How GPT-4 helps me refactor old code

Gilad Hoshmand
7 min readJun 8, 2023

--

Following my last story How ChatGPT writes tests for me — let’s see some more practical use for GPT-4, this time — refactoring old code.

Let’s dive deeper into GPT-4 capabilities

Refactoring

Refactoring techniques, tools & methodologies are a whole domain — I’m not going to attempt to explain or describe this world. If you are needing an intro I do recommend finding solid, thorough reads about it.
I once took a very interesting course in university about “Proving Code Correctness” which in part elaborated excellently on different refactoring practices.

Today I show how GPT-4 can be a great assistance in different refactoring scenarios.

Refactoring existing code

Scenario: you need to refactor/modify some code that was written years ago by someone who’s not around anymore, things start off nicely, you reduce number of lines, cleanup, you’re happy.
Then as you gain some confidence — things start to break, tests appear flaky, you start to lose your mind. Next you devise a plan on how to sell the Let’s throw this code in the garbage option.

It’s definitely one of these

Secret option #3: Refactor with AI at your side — how would I have loved to have this tool in previous projects I worked on!

Note: Tests are a must for this scenario — make sure they exist and are up to date covering all code branches.

Check out the example:

ME: simplify and add j-doc to the following code

checkPermission: function (check, item, user) {
var ans;
var access = check.permissions.filter(function (permission) {
return compareShareUser(permission.user, user.id);
});
if (access && access.length > 0) {
if (!(access[0].exclude && access[0].exclude.indexOf(item._id.toString()) >= 0)) {
ans = check;
}
}
return ans;
}

Again — the subtleties (ie. let vs. const) & style are up to you but this is much much better. The J Docs are so clear!
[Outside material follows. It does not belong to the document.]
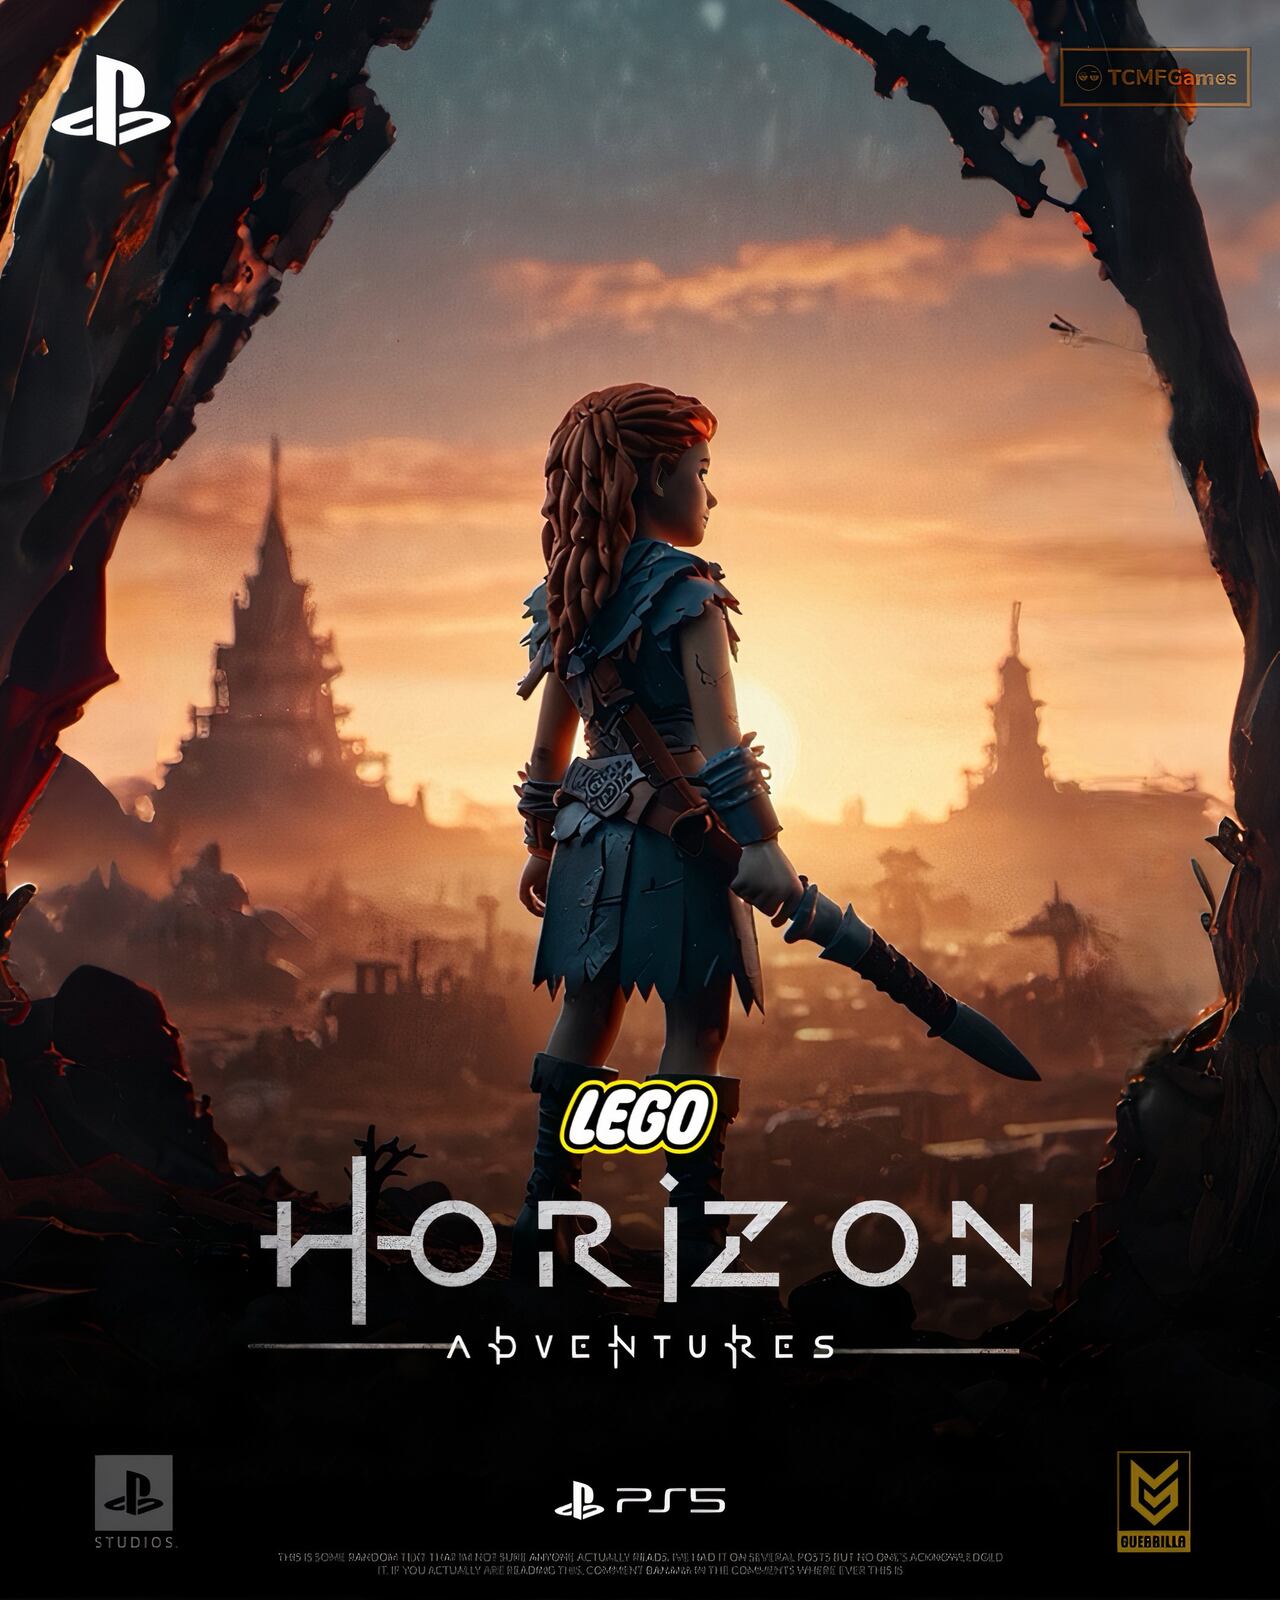 En los círculos de los videojuegos, se murmura sobre una posible colaboración entre Sony y Lego que podría dar un giro inesperado al lanzamiento de 'Lego Horizon Adventures' para PlayStation.

It interpreted the terrible names and explained what actually are in simple words.

At this point you don’t even have to commit the code but you can easily understand it without hours spent reading & debugging the pile of garbage.

It’s not even such terrible code; hold your breath for the next example:

// don't even try to read this
const checkPermissions = function (req, item, originalItem, companyId) {
return new RSVP.Promise(async function (resolve, reject) {
let checkIfItemIncluded = () => {
let tempItem = originalItem || item;
if (tempItem && tempItem.type && tempItem.type.startsWith("typeA")) {
CollectionA.aggregate()
.match({ _id: originalItem._id })
.graphLookup({
from: "items",
startWith: "$_id",
connectFromField: "_id",
connectToField: "children",
as: "parents"
})
.then((originalItemWithParents) => {
let ancestors = originalItemWithParents[0].parents.map((p) => p._id);
ancestors.push(originalItem._id);
CollectionA.findOne({
permissions: {
$elemMatch: {
user: req.auth.data.id,
isRoot: true,
"options.includeItems": { $in: ancestors },
},
},
})
.select("_id")
.then((found) => {
if (found) {
resolve(true);
} else {
resolve(false);
}
}, reject);
}, reject);
} else {
resolve(false);
}
};
let checkSecondary = () => {
CollectionA.findOne({ children: { $in: [item.id || item._id] } })
.select("permissions")
.populate("permissions")
.lean()
.exec(function (err, parent) {
if (err) {
reject(err);
} else {
if (parent) {
checkPermissions(req, parent, originalItem || item, companyId).then(resolve, reject);
} else {
checkIfItemIncluded();
}
}
});
};
if (!req.auth || !req.auth.data || !req.auth.data.id || !item || (item && !item.permissions)) {
return resolve(false);
} else {
if (!companyId) {
({ companyId } = await findCompany(item));
}
const ans = await isCompany({ userId: req.auth.data.id, companyId });
if (!ans) {
console.log(`Permission DENIED. user dont belong to company ${companyId}`);
return resolve(false);
}
findUser(req.auth.data.id)
.then((user) => {
var access = item.permissions.filter(function (share) {
return comparePermissions(share.user, req.auth.data.id);
});
if (access && access.length > 0) {
if (
access[0].exclude &&
access[0].exclude.indexOf((originalItem || item)._id.toString()) >= 0
) {
return resolve(false);
} else {
return resolve(true);
}
} else {
if (user && user.roles && user.roles.indexOf("all") >= 0) {
User.findOne({
_id: { $in: item.permissions.map((s) => s.user._id) },
supportAccess: { $gt: new Date().addDays(-1) },
})
.then((auth) => {
if (auth) {
resolve(true);
} else {
checkSecondary();
}
})
.catch(reject);
} else {
checkSecondary();
}
}
})
.catch(reject);
}
});
}

This code is unreadable and has everything I despise about old patchy code — callback hell, bad naming, too many lines, too many things done, huge methods within methods, mixed layers — it’s a mess.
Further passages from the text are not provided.